Entries shown —

════════════════════

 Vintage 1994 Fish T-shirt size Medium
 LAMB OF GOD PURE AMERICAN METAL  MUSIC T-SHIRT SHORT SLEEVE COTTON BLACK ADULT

════════════════════

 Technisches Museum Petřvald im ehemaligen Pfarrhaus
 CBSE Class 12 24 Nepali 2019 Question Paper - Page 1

════════════════════

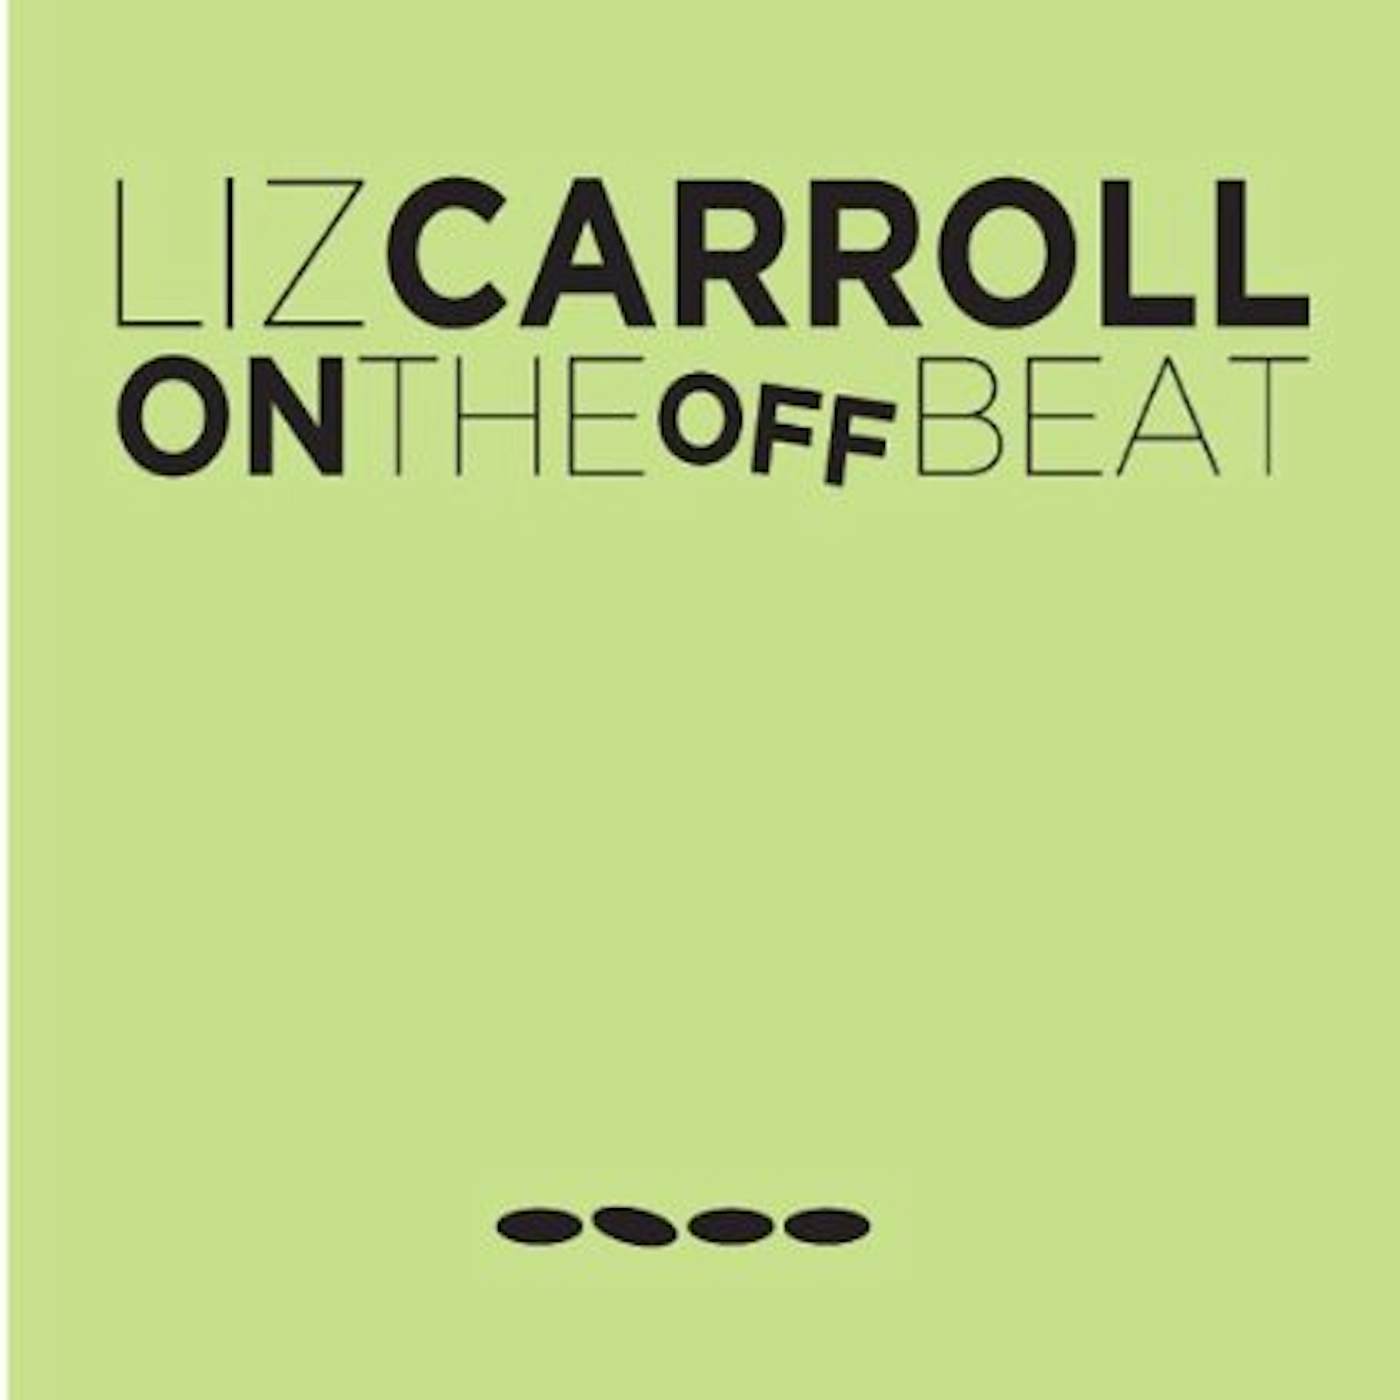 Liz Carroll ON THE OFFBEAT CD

════════════════════

Work order — Look above for the line holding "Technisches Museum Petřvald", then set down exactly that line and every line after it up to and including the line holding "CBSE Class 12", with nothing else.

Final answer —
 Technisches Museum Petřvald im ehemaligen Pfarrhaus
 CBSE Class 12 24 Nepali 2019 Question Paper - Page 1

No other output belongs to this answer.